Gmina Boniewo is a rural gmina (administrative district) in Włocławek County, Kuyavian-Pomeranian Voivodeship, in north-central Poland. Its seat is the village of Boniewo, which lies approximately 22 km south-west of Włocławek and 64 km south of Toruń.

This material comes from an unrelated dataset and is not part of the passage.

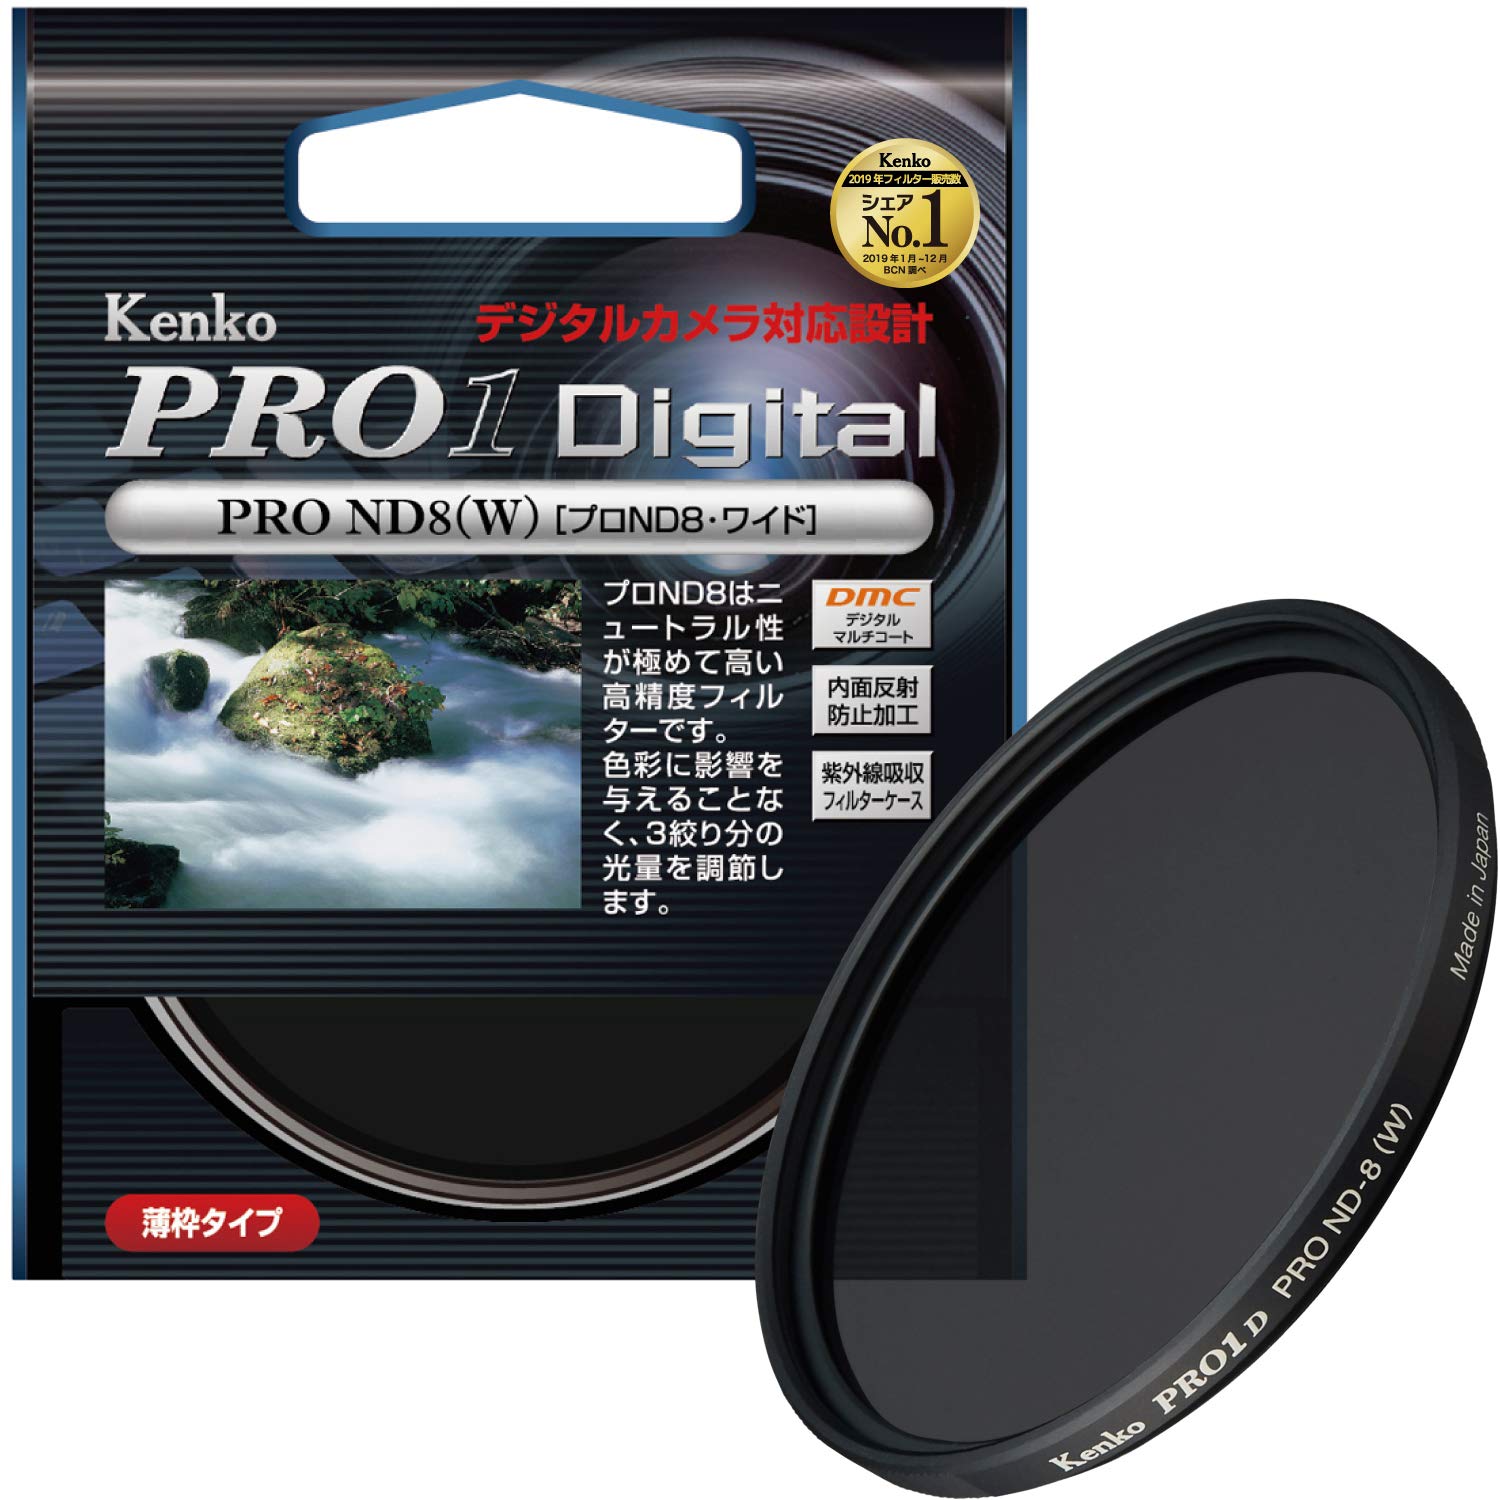 Kenko カメラ用フィルター PRO1D プロND8 (W) 67mm 光量調節用 267431

The gmina covers an area of 77.72 km2, and as of 2006 its total population is 3,550.

==Villages==
Gmina Boniewo contains the villages and settlements of Anielin, Arciszewo, Bierzyn, Bnin, Boniewo, Boniewo-Kolonia, Czuple, Grójczyk, Grójec, Janowo, Jastrzębiec, Jerzmanowo, Kaniewo, Łączewna, Łąki Markowe, Łąki Wielkie, Łąki Zwiastowe, Lubomin, Lubomin Leśny, Lubomin Rządowy, Michałowo, Mikołajki, Osiecz Mały, Osiecz Wielki, Otmianowo, Paruszewice, Sarnowo, Sieroszewo, Sułkówek, Wólka Paruszewska and Żurawice.

==Neighbouring gminas==
Gmina Boniewo is bordered by the gminas of Choceń, Chodecz, Izbica Kujawska and Lubraniec.